#### Data below ####

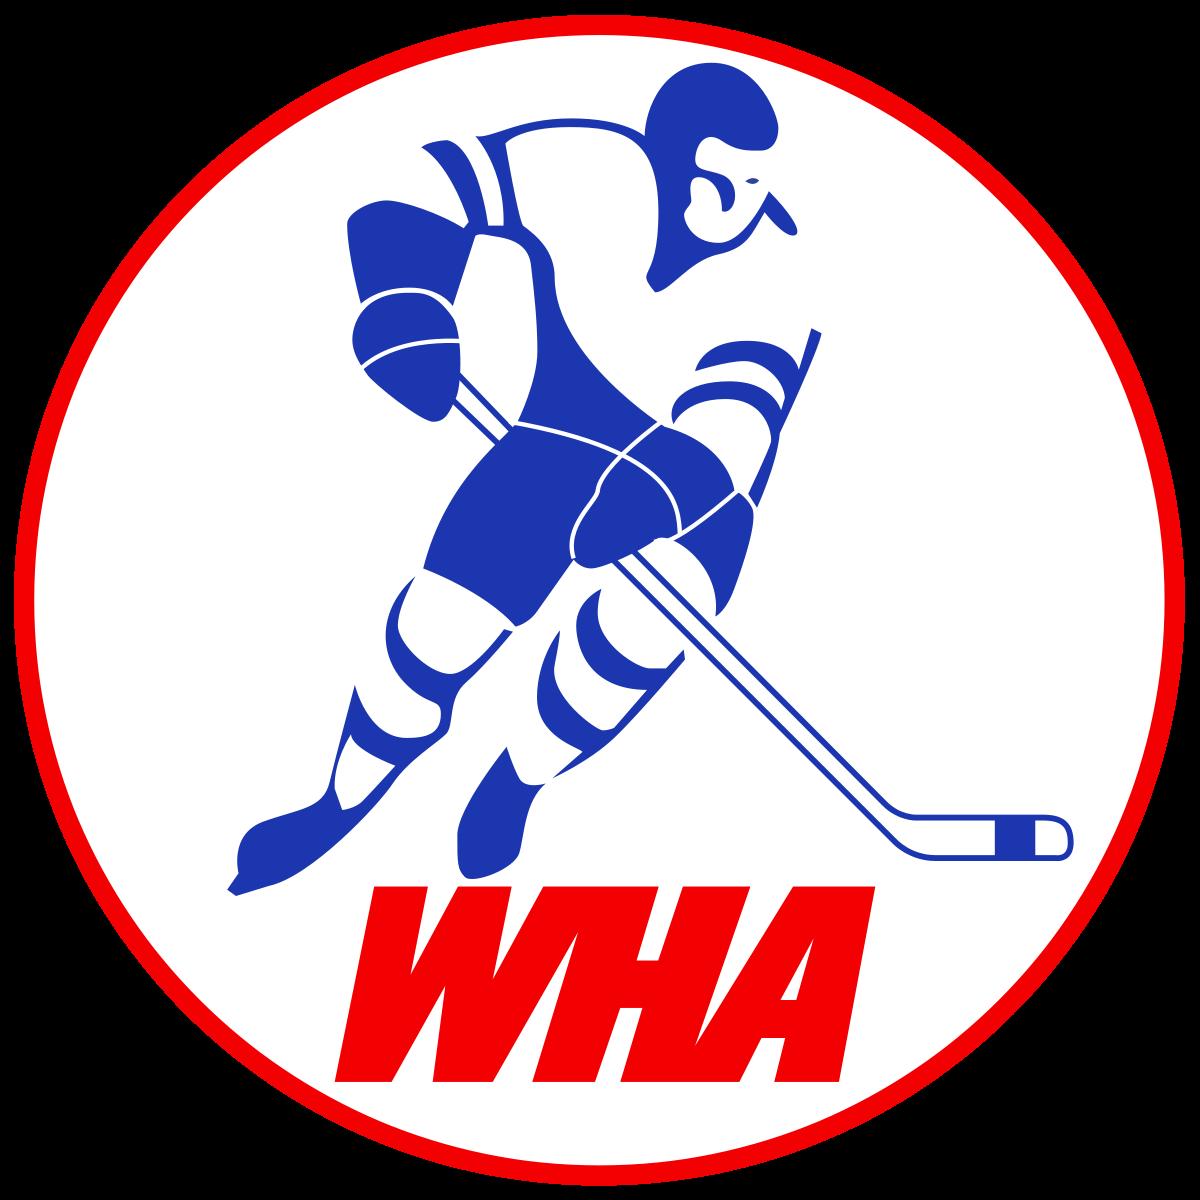 World Hockey Association - Wikipedia
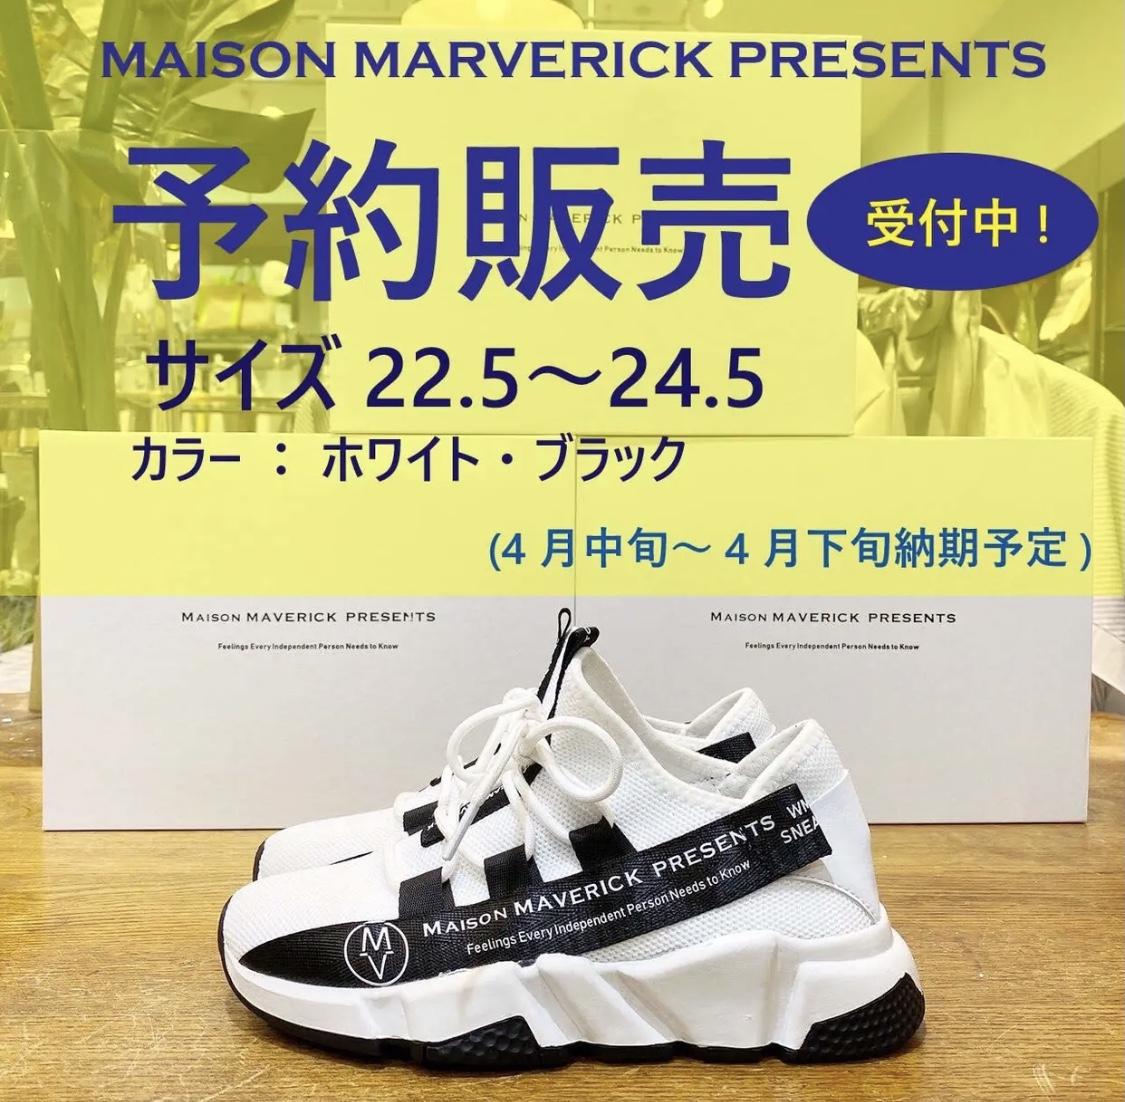 【予約販売開催中★】MAISON MAVERICK PRESENTS ダッドスニーカー
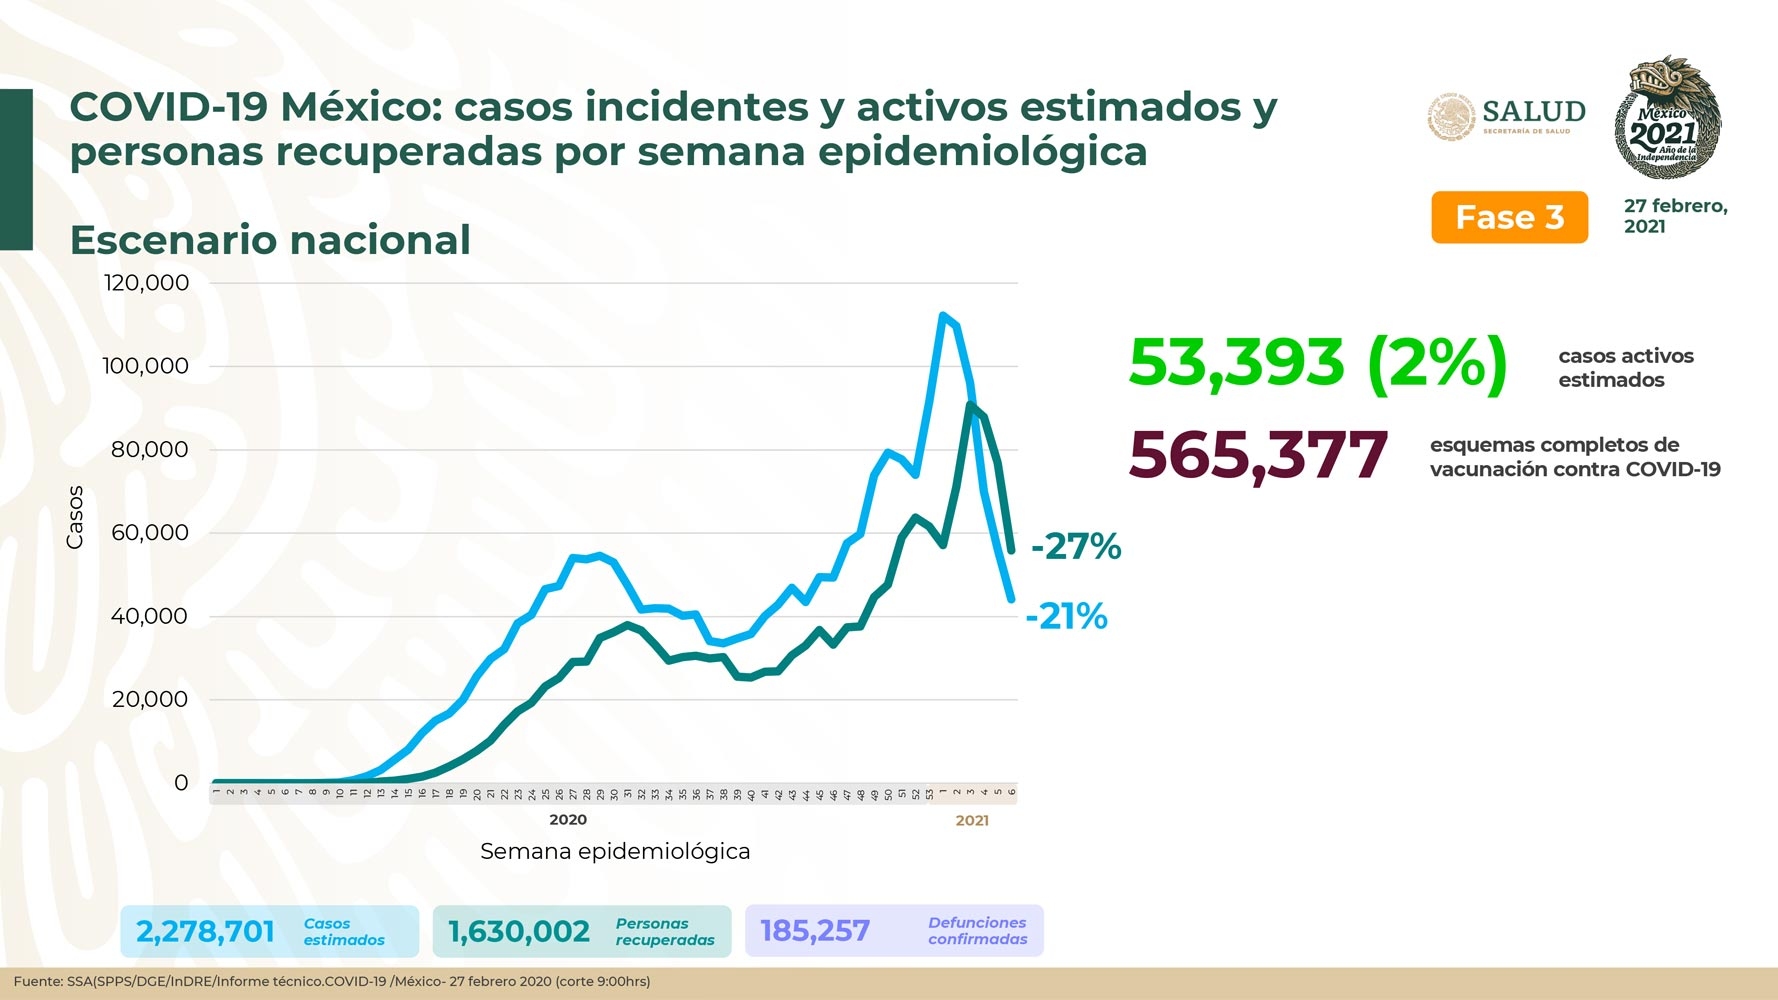 México suma 1,630,002 personas recuperadas de COVID19 y 185,257 defunciones confirmadas

####

Task requirements = A word-for-word copy of the lines from the one with "MAVERICK PRESENTS ダッドスニーカー" through the final line of the listing above is the whole answer, and it contains no pictures.

Result for this exercise =
 【予約販売開催中★】MAISON MAVERICK PRESENTS ダッドスニーカー
 México suma 1,630,002 personas recuperadas de COVID19 y 185,257 defunciones confirmadas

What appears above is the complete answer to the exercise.